GAMER PAT: Research as a Serious Game
Kenji Saito, Rei Tadika
TL;DR
With AI increasingly capable of producing academic prose, the paper investigates how to preserve novice researchers' motivation and agency by reframing research writing as a serious game. GAMER PAT functions as a game master, turning reviewer feedback into missions and guiding through a narrative-driven writing process, validated through 26+ gameplay logs and autoethnographic observations. The study identifies an emergent four-phase scaffolding pattern (question posing, meta-perspective, structuring, recursive reflection) that supports both the structural and reflective aspects of writing, while treating the work as descriptive and speculative rather than causal. The work offers design rationale grounded in Self-Determination Theory, Zone of Proximal Development, and cognitive apprenticeship, and invites future empirical evaluation of human-AI co-evolution in research education.
Abstract
As generative AI increasingly outperforms students in producing academic writing, a critical question arises: how can we preserve the motivation, creativity, and intellectual growth of novice researchers in an age of automated academic achievement? This paper introduces GAMER PAT (GAme MastER, Paper Authoring Tutor), a prompt-engineered AI chatbot that reframes research paper writing as a serious game. Through role-playing mechanics, users interact with a co-author NPC and anonymous reviewer NPCs, turning feedback into "missions" and advancing through a narrative-driven writing process. Our study reports on 26+ gameplay chat logs, including both autoethnography and use by graduate students under supervision. Using qualitative log analysis with SCAT (Steps for Coding and Theorization), we identified an emergent four-phase scaffolding pattern: (1) question posing, (2) meta-perspective, (3) structuring, and (4) recursive reflection.
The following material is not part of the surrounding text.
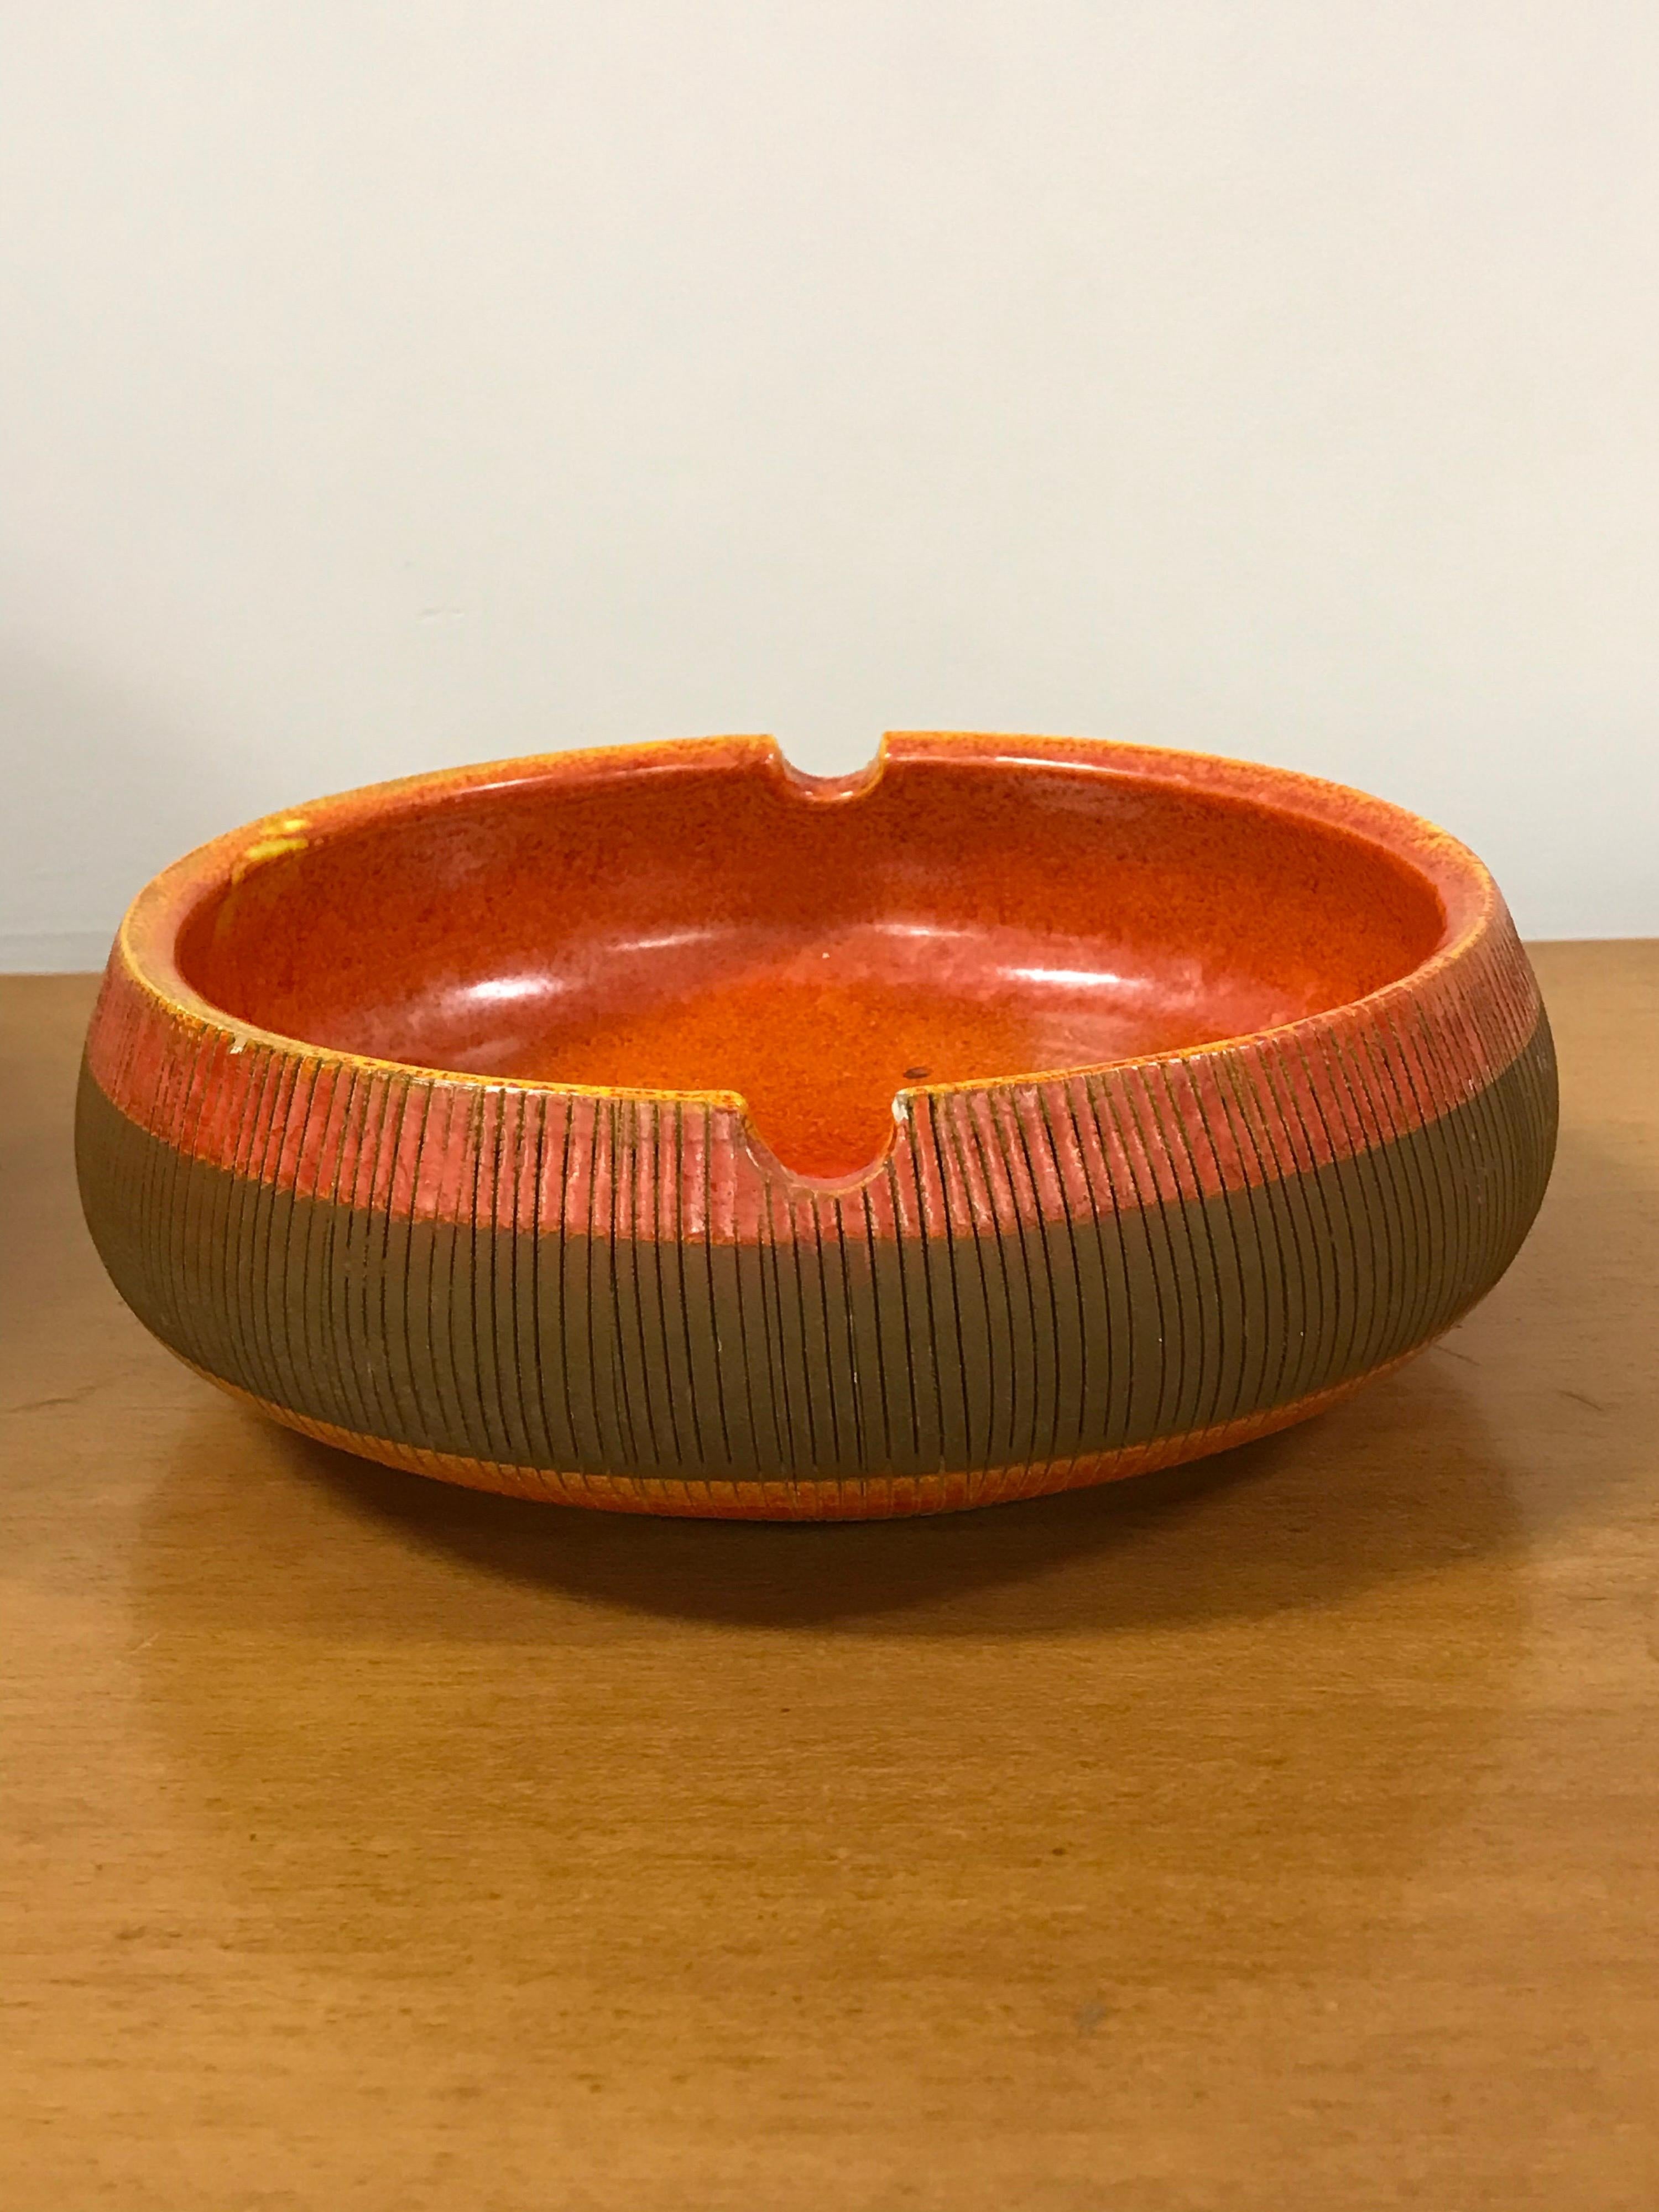 Lovely and large ashtray or catchall designed by Aldo Londi for Bitossi. Stunning colors and patterns. Well proportioned at 2.75” tall and 8.5” wide.

These results suggest that GAMER PAT supports not only the structural development of research writing but also reflective and motivational aspects. We present this work as a descriptive account of concept and process, not a causal evaluation. We also include a speculative outlook envisioning how humans may continue to cultivate curiosity and agency alongside AI-driven research. This arXiv version thus provides both a descriptive report of design and usage, and a forward-looking provocation for future empirical studies.